Cómo elegir la temperatura adecuada para su baño
Cuando se elige un calentador de techo, la tentación es comprar simplemente el modelo más potente disponible. Pero eso suele ser un error. Si se elige un modelo demasiado potente, se gasta dinero en la factura de electricidad y, además, se pueden dañar los elementos decorativos del techo. ¿Y si se elige uno demasiado débil?

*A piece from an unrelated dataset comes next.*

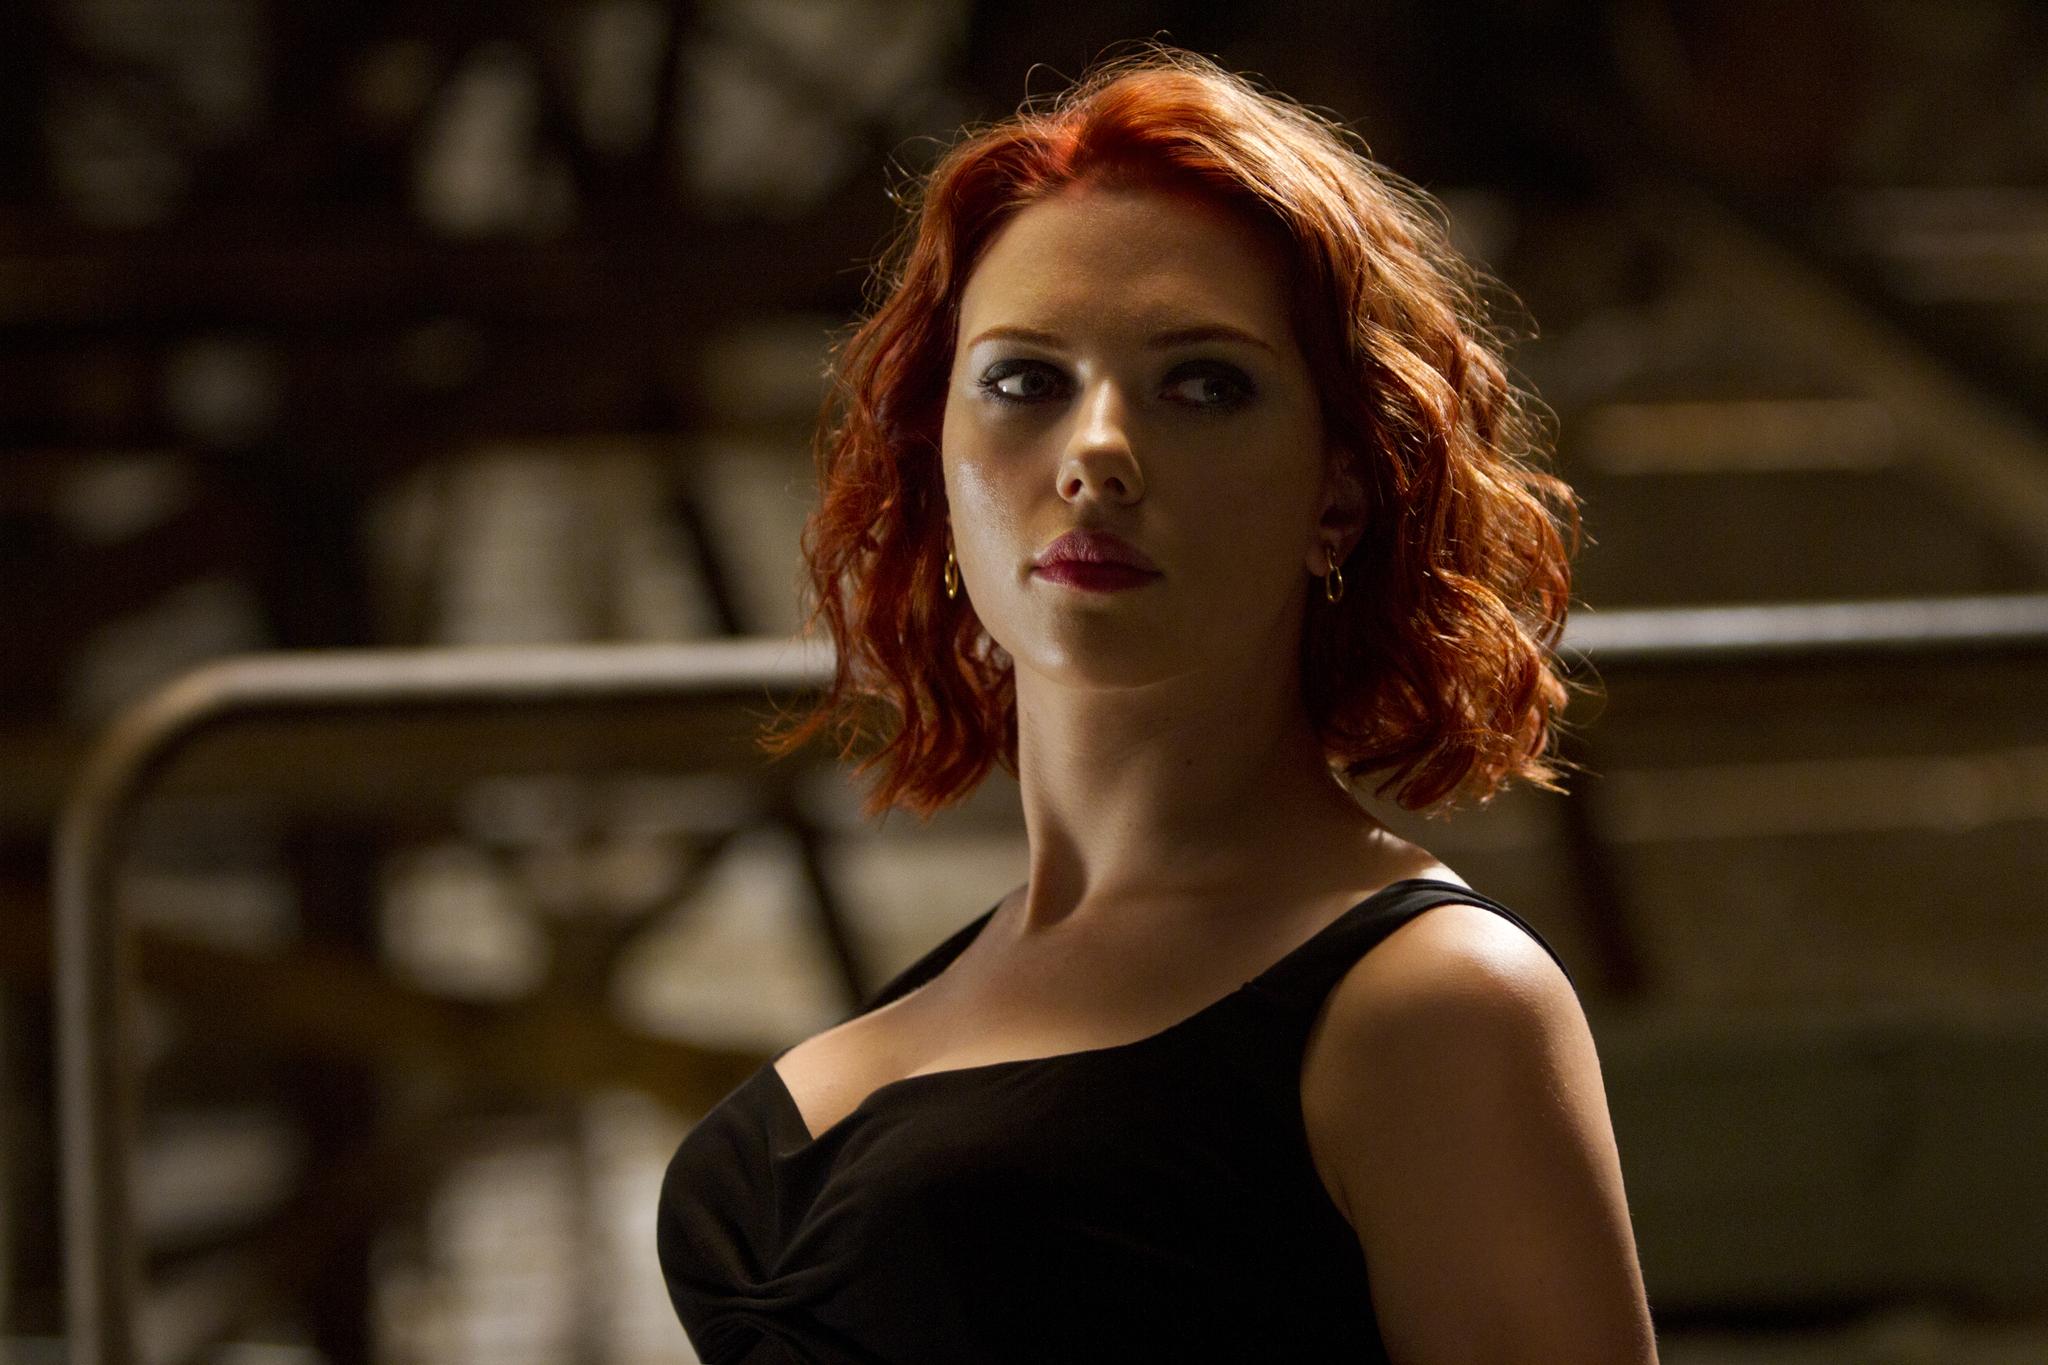 Scarlett-Johansson-The-Avengers

Se pasará frío en cuanto salga de la ducha.
Lo importante es encontrar ese equilibrio perfecto.
Hablemos de las dimensiones de la habitación
El tamaño de la habitación es el punto de partida. Si tiene un baño muy pequeño (menos de 4 m²), una lámpara de 400 a 600 vatios es suficiente.
En los baños de tamaño medio (entre 5 y 8 m²), puede optar por usar una lámpara de 1000 vatios, o, lo que yo recomiendo, dos lámparas de 500 vatios cada una. Esto evita esos puntos fríos molestos, donde uno está caliente en un lugar pero helado en otro.

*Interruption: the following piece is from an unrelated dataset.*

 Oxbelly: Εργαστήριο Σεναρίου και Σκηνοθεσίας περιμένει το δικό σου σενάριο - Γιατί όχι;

Si tiene un baño muy grande (10 m² o más), necesitará varias lámparas para mantener el ambiente cálido.
Algo que la gente siempre olvida: ¡mire hacia arriba! Si sus techos son altos, digamos 3 metros en lugar de 2.2 metros, necesitará más vatios. El calor disminuye a medida que se dispersa, así que necesita algo más de potencia para sentirlo realmente en su piel.
La “magia” del calor de onda corta
La mayoría de estos calentadores utilizan infrarrojos de onda corta. En lugar de intentar calentar todo el aire de la habitación (lo cual lleva tiempo), dirigen el calor directamente hacia usted. Es rápido; casi como si sintiera calor al instante. Utilizamos vidrio de cuarzo para mantener los filamentos estables y fiables.
Un consejo sobre la electricidad: si instala varias lámparas, preste atención a la tensión eléctrica. Las configuraciones de alta potencia pueden hacer que los disyuntores se apaguen si los cables no son lo suficientemente resistentes para soportar la carga.
Comodidad versus intensidad
Aquí está el equilibrio. Una sola lámpara de alta potencia crea una zona de calor muy intensa. Es ideal para secarse rápidamente, pero puede resultar incómodo, como si estuviera demasiado cerca de una fogata.
Por lo general, recomiendo distribuir la carga entre dos lámparas más pequeñas. De esta manera, se obtiene un calor más equilibrado y suave.
El único inconveniente es que más lámparas significan más cables y más piezas que podrían desgastarse con el tiempo. Pero, para no sentirse como si estuviera bajo una lámpara de calor, generalmente vale la pena.